In this study, we reviewed relative literature and filtered out a number of morphological features that are closely related to endometrial cancer, including endometrial thickening (widespread or localized), polyposis (multiple or single), irregular branched vessels, irregular distribution of vessels, irregular vascular diameters (dilation, stenosis or interruption), abnormal endometrial color, increased brittleness of tissue (worse fragility), dilated glandular orifices, and calcification, etc.12,13,18,20 Subsequently, through binary logistic regression analysis, we determined predictive factors for endometrial cancer, including widespread endometrial thickening, abnormal endometrial color, irregular branched vessels, irregular distribution of vessels, irregular vascular diameters, increased brittleness of tissue, and calcification. The diagnosis was made based on the cutoff value obtained from the ROC curve and the total characteristic score of all significant indexes. The cutoff had high sensitivity and specificity, indicating its high value in the diagnosis of endometrial carcinoma. The negative predictive value of 99.0% indicated the low rate of missed diagnosis by this model. However, the positive predictive value of 74.7% was low, indicating a certain rate of misdiagnosis. In this retrospective study, tissue fragility, with a higher contribution to the model’s predictive power, was judged through pictures and videos. The operations, such as exploration before hysteroscopy and dilation of uterus, can damage the intrauterine tissue, resulting in wrong judgment by the researcher. Reducing intrauterine manipulations before hysteroscopy, researchers can judge tissue fragility in a real setting, which may increase the positive rate of the prediction model.

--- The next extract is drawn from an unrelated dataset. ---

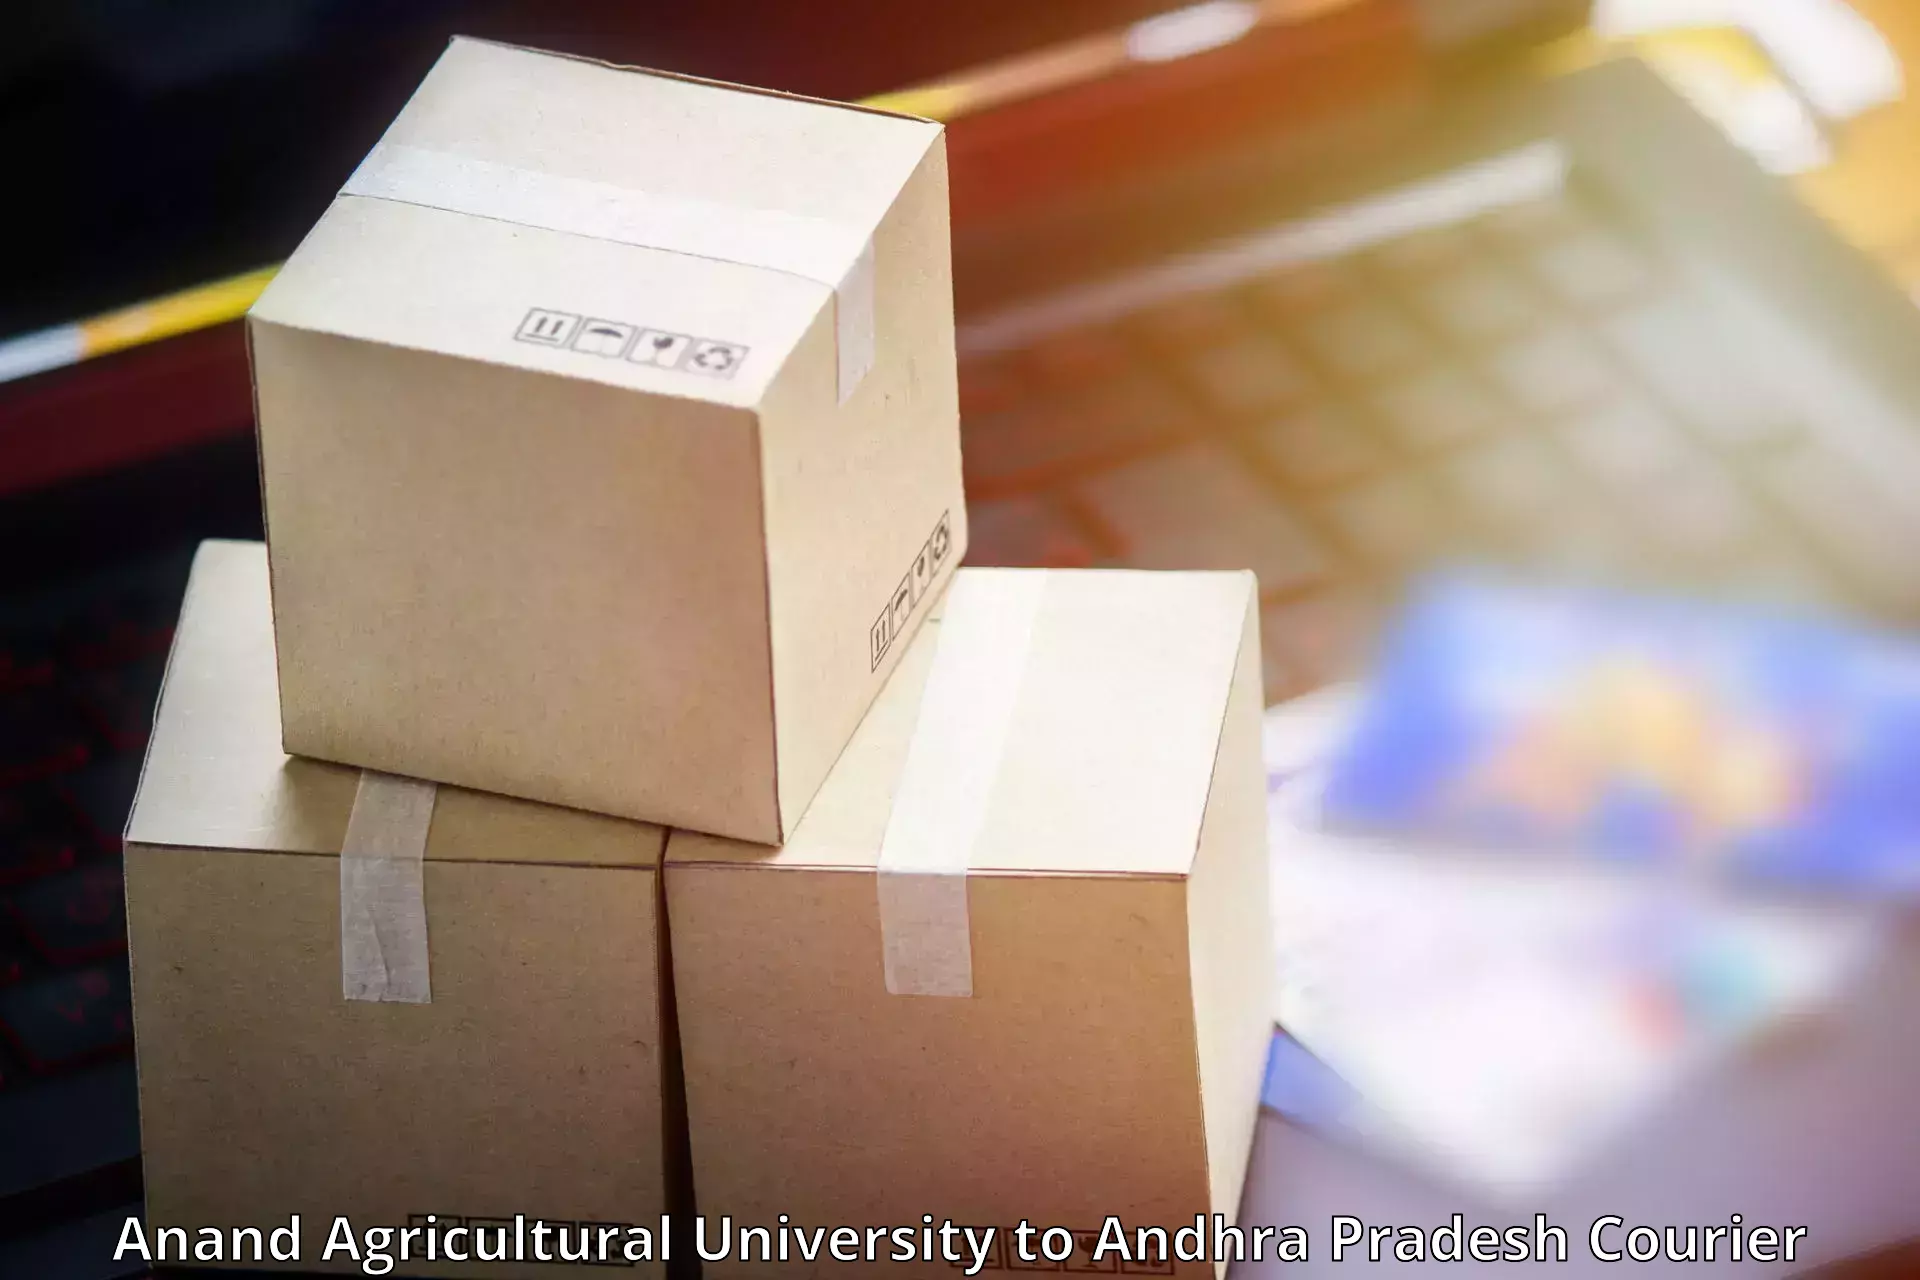 Courier service innovation Anand Agricultural University to Malikipuram

Lanieri et al have created a scoring system for hysteroscopic diagnosis of endometrial hyperplasia and adenocarcinoma, using eight variables: atypical vessels, widespread and irregular endometrial thickening, dilated glandular orifices, crumbling of the endometrial neoplasm, multiple endometrial polyps, irregular aspect of the polyp, growth of cerebroid and arborescent aspects, and irregular endometrial color.20 The system achieved a sensitivity of 95.4%, a specificity of 98.2%, a PPV of 85.7% and an NPV of 99.5%, all basically consistent with those in our study. Some of these variables were not used in our study. In our study, we observed that malignant tumors had rich blood vessels. The positive rates of three manifestations of atypical blood vessels (irregular branched vessels, irregular distribution of vessels, and irregular vascular diameter) were significantly higher than those in the benign lesion group. The values of three atypical vessels were assigned to the prediction model of our study. It was found that the rates of multiple polyps and dilated glandular orifices were significantly higher in the endometrial carcinoma group, but both features were also observed in the benign lesion group. Therefore, both were not scored in the logistic regression analysis and incorporated into the model. Our model showed the ability to distinguish benign lesions from multiple polyps but with less angiogenesis.

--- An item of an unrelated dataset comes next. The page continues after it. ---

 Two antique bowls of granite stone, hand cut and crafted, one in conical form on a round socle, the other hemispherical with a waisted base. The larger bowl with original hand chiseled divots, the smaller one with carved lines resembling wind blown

In another study by Dueholm et al,13 a scoring system was established for assessing the risk of endometrial carcinoma based on endometrial surface contour changes, evidence of necrosis, and vessel pattern, achieving a sensitivity of 89% and a specificity of 92%. In their study, the morphological features were divided into three major categories, and each category was further subdivided. For example, abnormal blood vessels were subdivided, as we did in the present study. However, their system was used only for predicting endometrial cancer in women with postmenopausal bleeding women, not all the women with non-menopause.
In the present study, initial analysis showed that age was associated with endometrial carcinoma probability. The ROC curve analysis of age showed that the probability increased in patients over 51 years old. However, once age is included in the regression analysis, its weight was so large as to disbalance the model. As a potential independent factor for endometrial carcinoma, it was excluded from the model.
In this study, the patients were only assigned to two groups. Considering the small proportion of patients with normal endometrium or atypical endometrial hyperplasia, we did not set up related groups. Therefore, we did not evaluate the power of the model to distinguishing normal endometrium or atypical endometrial hyperplasia. To be more accurate, new models should be designed via incorporating these two groups or non-morphological clinical data, such as age, abnormal uterine bleeding and BMI.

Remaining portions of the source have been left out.